Input data
________________________________________
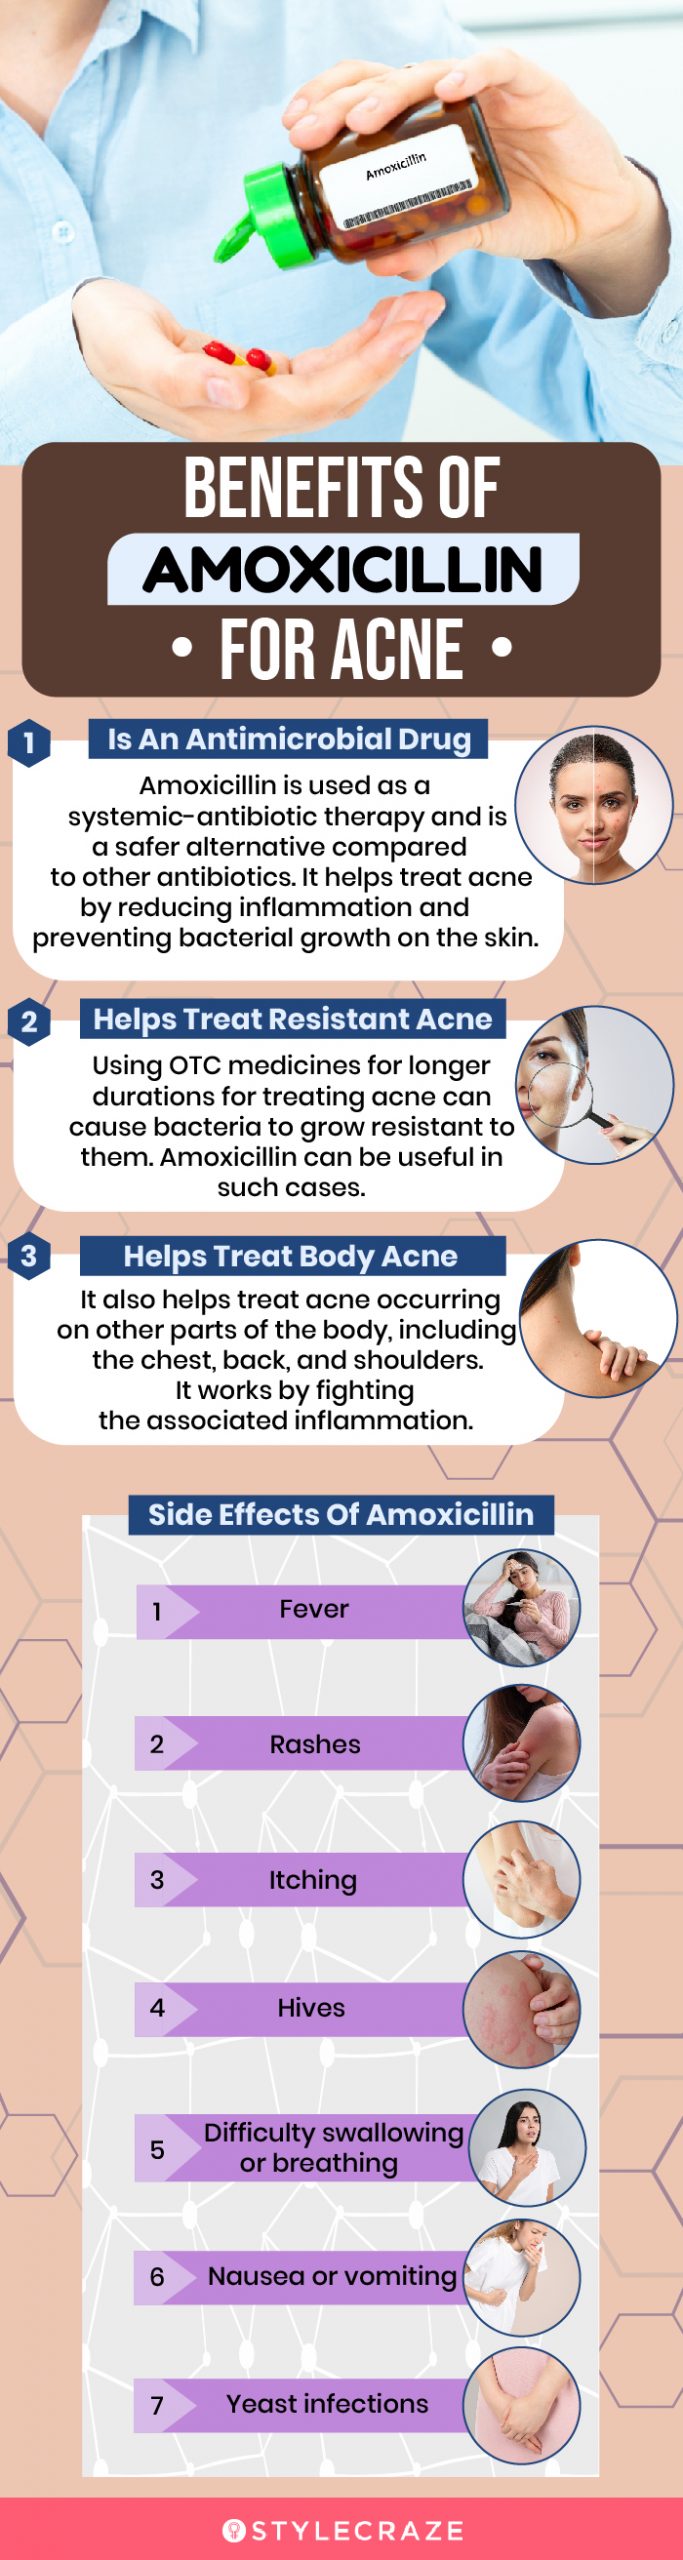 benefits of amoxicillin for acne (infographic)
________________________________________
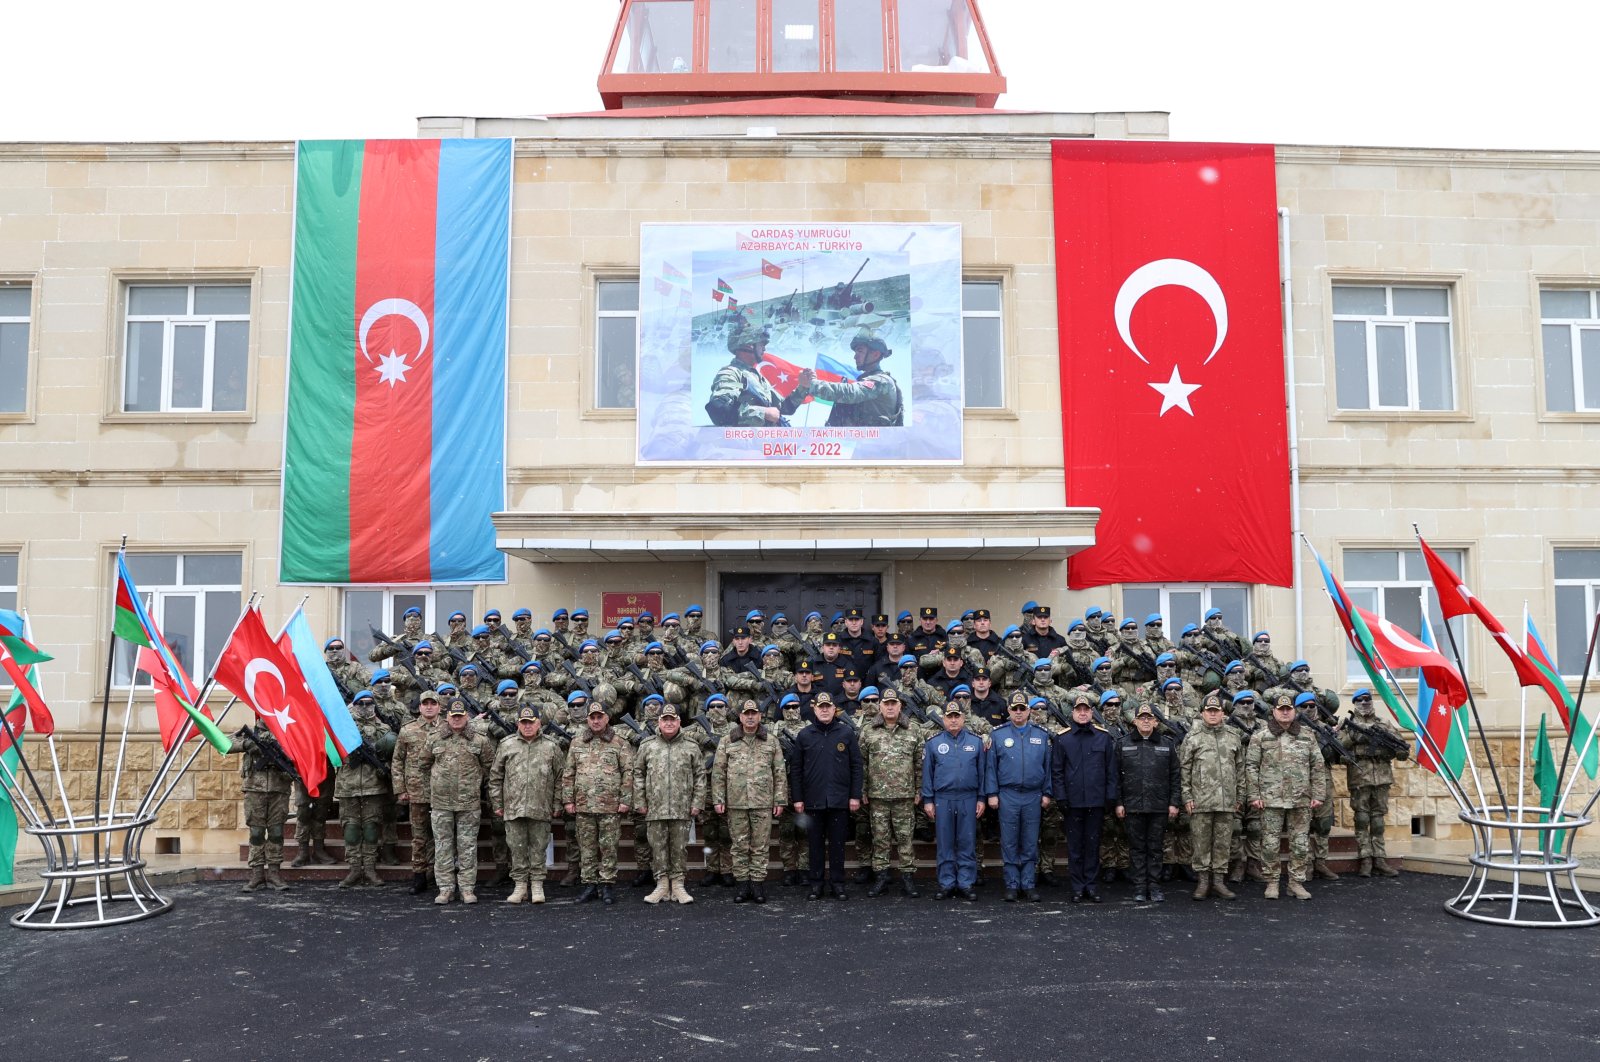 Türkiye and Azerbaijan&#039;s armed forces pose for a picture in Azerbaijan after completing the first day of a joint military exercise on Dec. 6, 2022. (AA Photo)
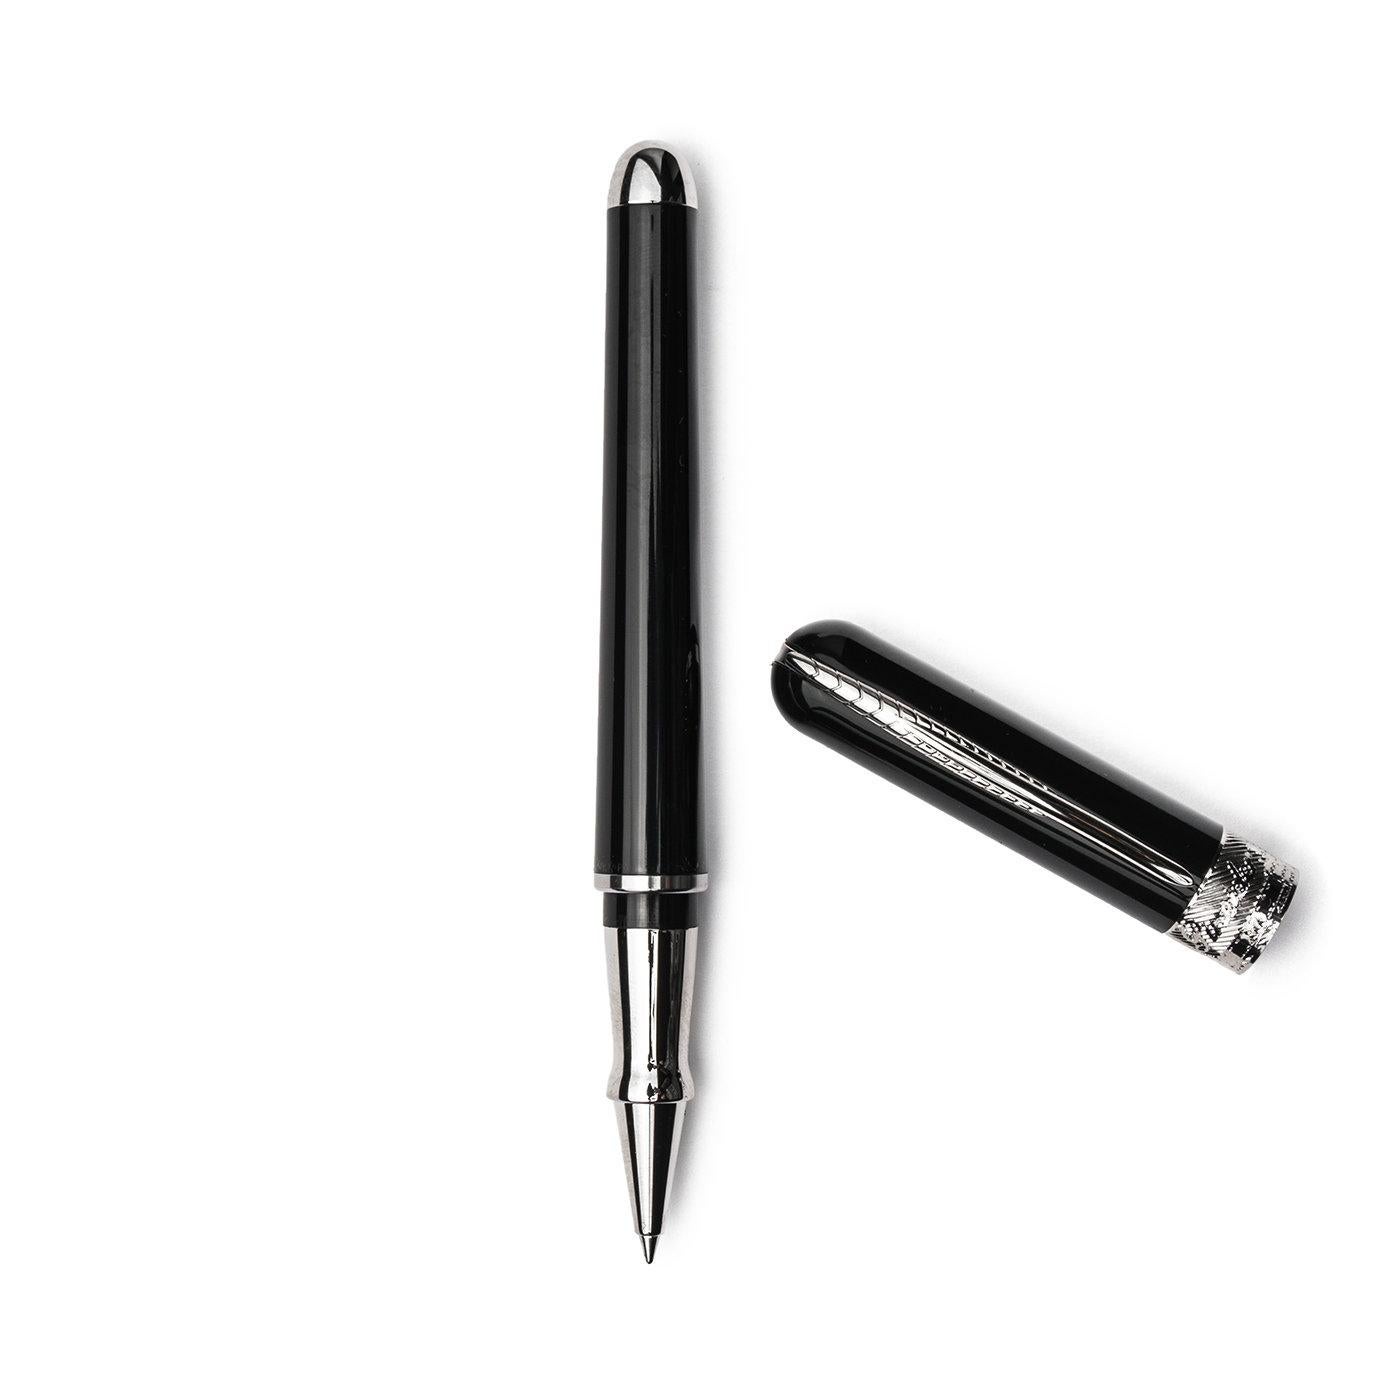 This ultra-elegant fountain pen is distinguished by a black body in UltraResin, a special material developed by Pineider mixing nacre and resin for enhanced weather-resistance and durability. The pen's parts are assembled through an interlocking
________________________________________
Exercise goal
In the listing above, find the line containing "Türkiye and Azerbaijan&#039;s" and the line containing "This ultra-elegant fountain", then output those two lines and everything between them exactly as written, without the images.

Task response
 Türkiye and Azerbaijan&#039;s armed forces pose for a picture in Azerbaijan after completing the first day of a joint military exercise on Dec. 6, 2022. (AA Photo)
 This ultra-elegant fountain pen is distinguished by a black body in UltraResin, a special material developed by Pineider mixing nacre and resin for enhanced weather-resistance and durability. The pen's parts are assembled through an interlocking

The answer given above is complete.